Figure 6. Inner and Outer Kinetochore Protein Localizations Are Disrupted in cid Mutant Embryos

Kinetochore localization of CENP-C, ROD, and BUBR1 were determined in stage 15 embryos. In cid/CyO control embryos (left), all three proteins were localized to the centromere/kinetochore during interphase (CENP-C) or the early stages of mitosis (ROD and BUBR1). All three proteins were absent from centromeres/kinetochores in cid/cid animals (right); in some cases, CENP-C was mislocalized in a diffuse pattern. Scale bars indicate 5 μm.

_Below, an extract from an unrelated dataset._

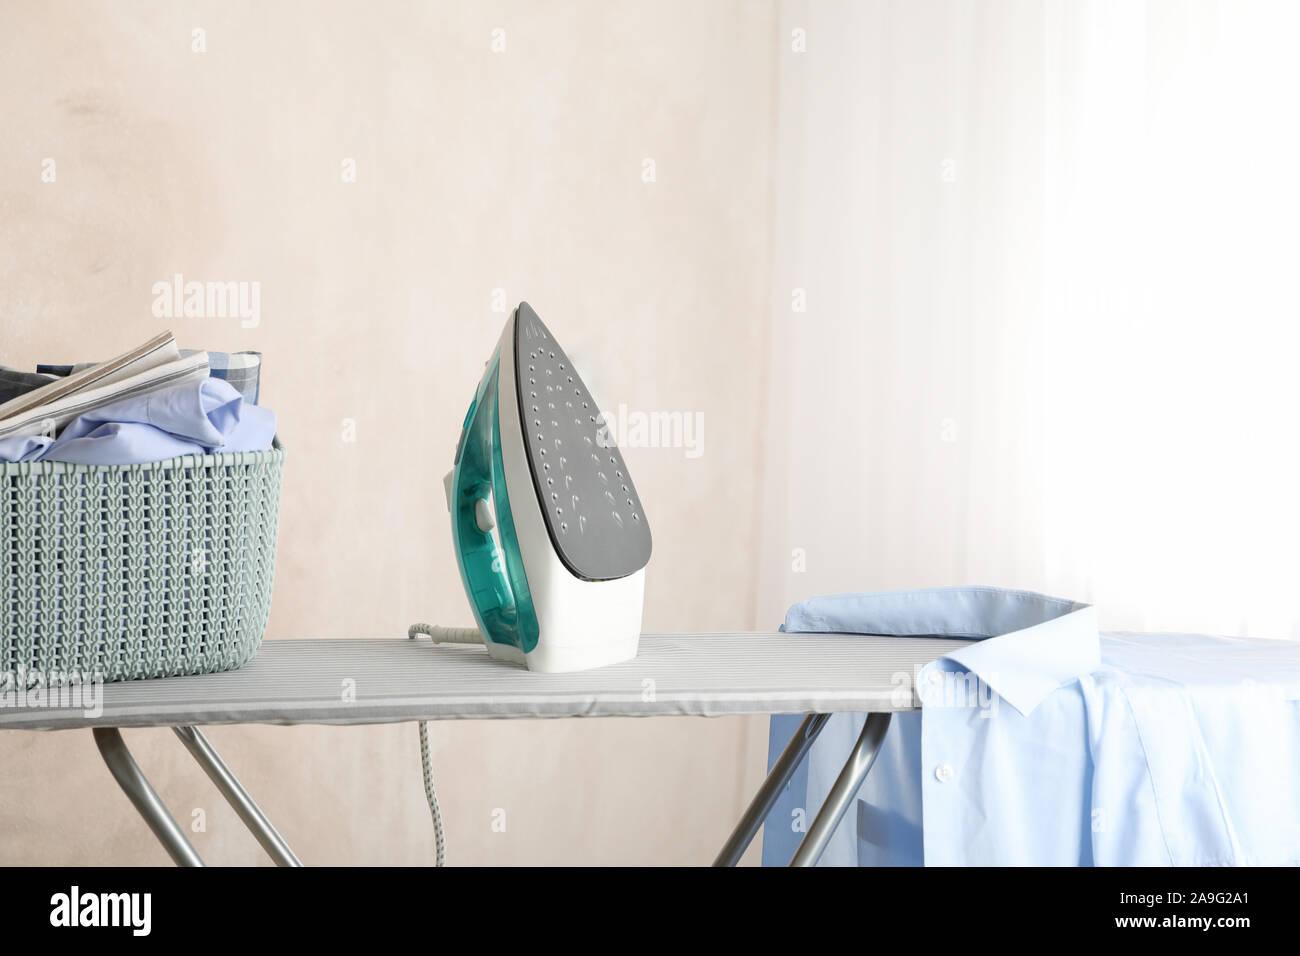 Plancha Y Tabla De Planchar Ropa En Limpio Espacio Para Texto Fotografia De Stock Alamy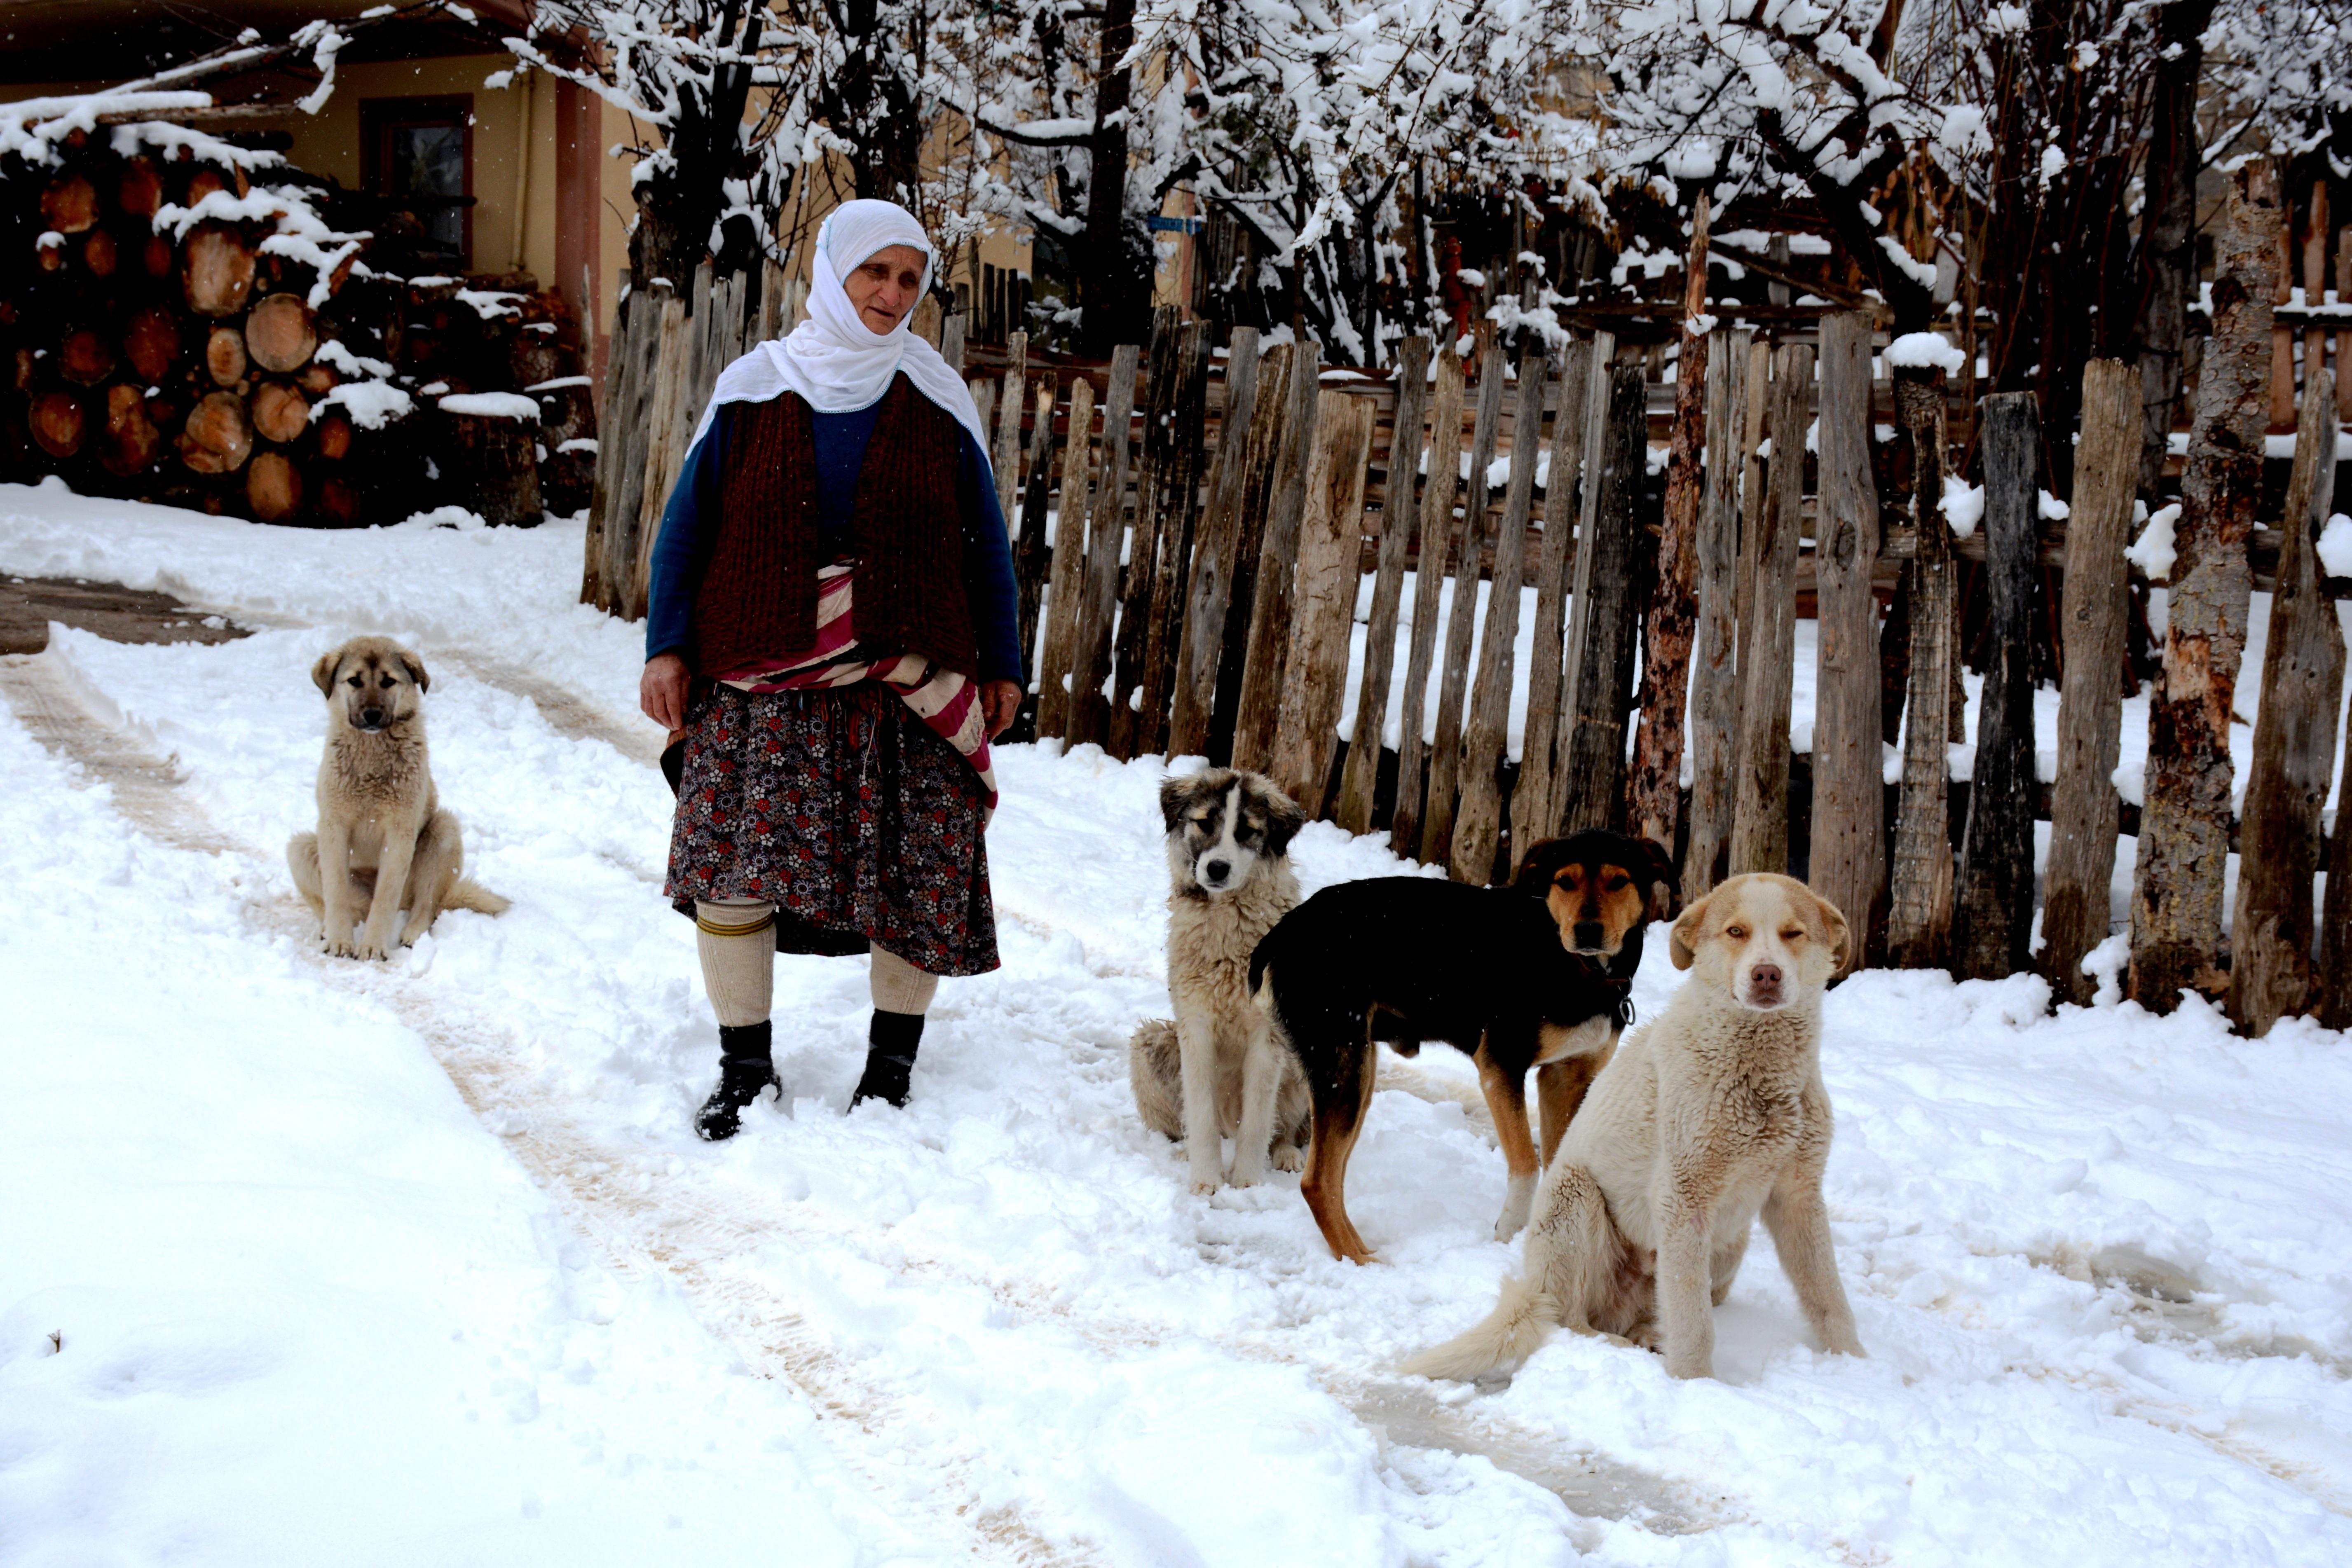 무료 이미지 눈 겨울 개 동물 마을 날씨 시즌 터키

Figure 7. SAC Components Affect Cell Cycle Progression in the Absence of Kinetochore Localization

In normal cells, CENP-A chromatin assembly is followed by the recruitment of inner and outer kinetochore proteins [17]. We propose that until kinetochore assembly is complete, free SAC components may be responsible for cell cycle inhibition (early activation of the SAC). Upon completion of kinetochore assembly, SAC components delay anaphase until all chromosomes have achieved bipolar spindle attachment. In cid null mutants, both inner and outer kinetochore proteins are free, resulting in a SAC-dependent early mitotic delay that does not depend on localization of SAC components to kinetochores.